I really don’t care if somebody wants to throw their grubby old sneakers at Hillary Clinton.  Nobody got hurt and it probably actually improved Hillary’s chances.  But now that they’ve identified the shoe-ter, so to speak, the story has taken a turn for the hilarious.

Alison Ernst

Alison Ernst

Alison Ernst, the crazy teabagger lady who threw the famous shoe, had kind of a weird love/hate/obsession thing going on vis a vis James Holmes, the crazy eyed weird dude who shot up a cinema in Aurora, Colorado a couple years back, killing 12 people, injuring 58, and causing 0 changes in gun laws.  She stood up at his trial and started screaming about how she could prove he was innocent and was just ‘mind controlled by a ring of world wide crooks.’  In a more highly evolved society, she may have at that point got the help she needs, or at least been fitted with an ankle bracelet, but things being what they are, the judge was just happy to evict her from the courtroom and move on, because there’s no shortage of crazy people in the world.  What the hell can you do?
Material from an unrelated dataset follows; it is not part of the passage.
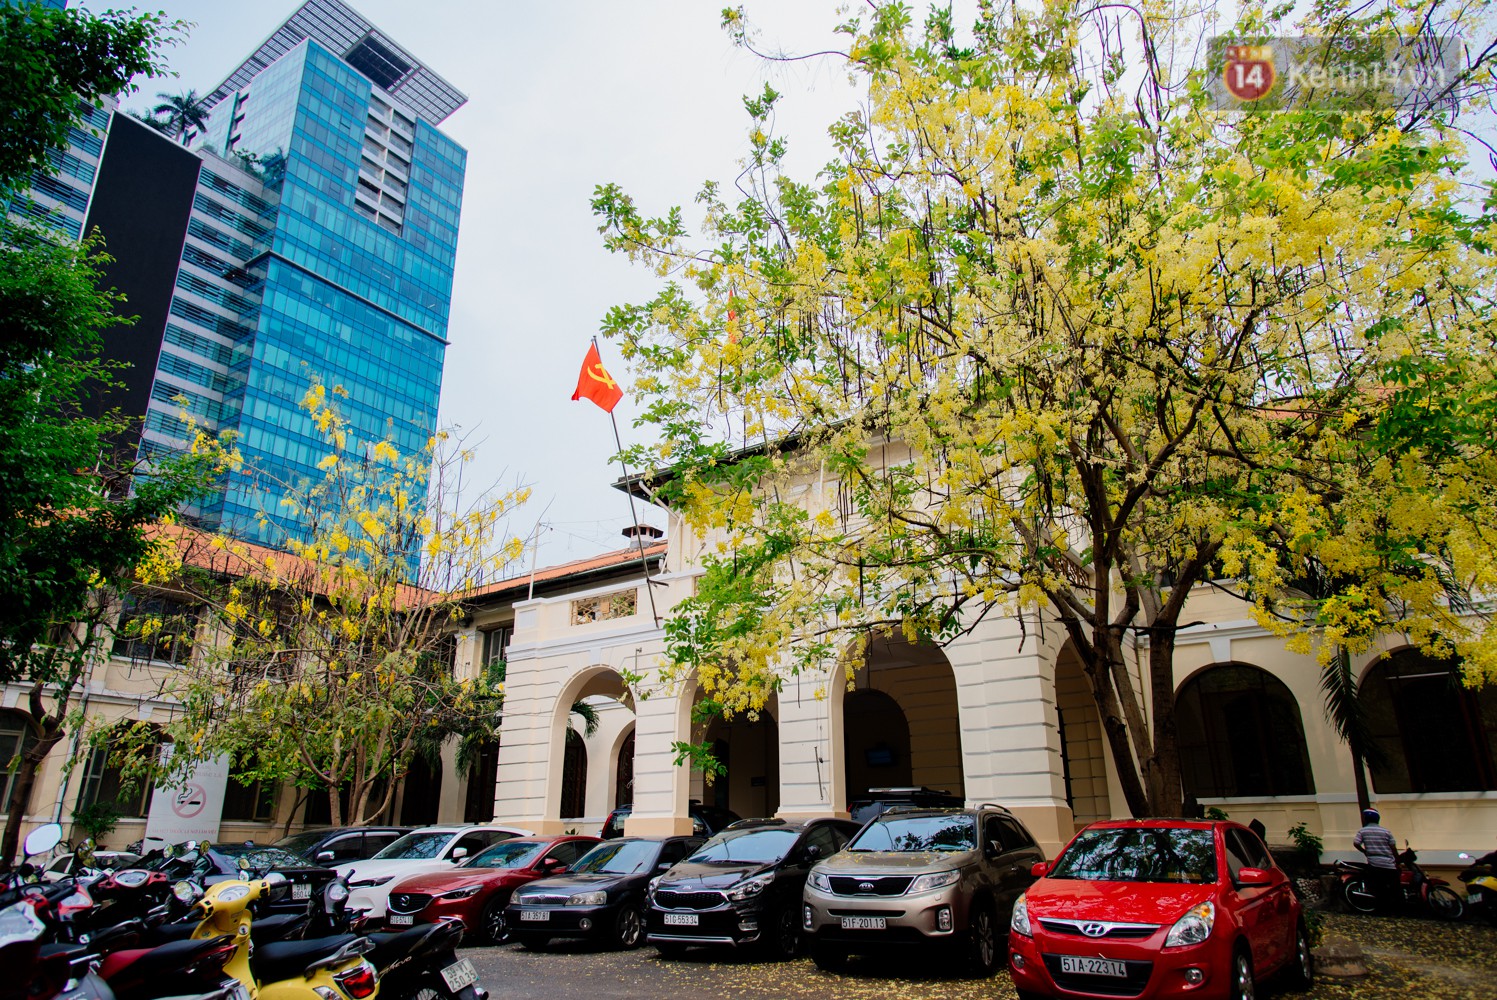 Người Sài Gòn bày tỏ tiếc nuối trước đề án tháo dỡ Dinh Thượng Thơ 130 năm tuổi để nâng cấp trụ sở UBND và HĐND TP.HCM - Ảnh 5.

(I’m sure it’s just a coincidence, but – the guy who just killed 3 people at a Jewish Community Center in Kansas City is from Aurora, Missouri.)

James Holmes

James Holmes

After that, she soured on Holmes, maybe he wasn’t answering her letters, I don’t know.  She applied for a restraining order against him, which may seem superfluous, being as how he’s in prison and all, but that’s the old-fashioned, narrow way of looking at things.  “James enters my head like Dennis Quaid in ‘Inner Space’ and he zooms to my heart and plays with it and forces me to care for him,” she wrote in the application.

So, obviously nuts. I’m sure my right wing friends will say “Why do you say she’s a teabagger, though?  What evidence do you have?”  It’s simple, really.  If she were, like most people, apolitical, she wouldn’t have been at a Hillary Clinton speech in the first place.  She’d have wound up throwing that shoe at the girl behind the counter at McDonald’s.  If she were a political liberal, she would have picked a different target.

Dennis Quaid in 'Inner Space'

Dennis Quaid in ‘Inner Space’

The fact that she was at that speech, prepared to toss a shoe to prove her point, indicates a deep  and passionate hatred for Hillary Clinton, a trait which, admittedly, is not unknown among Democrats but it’s pretty much universal among Republicans teabaggers.

She was charged with disorderly conduct, which is a misdemeanor.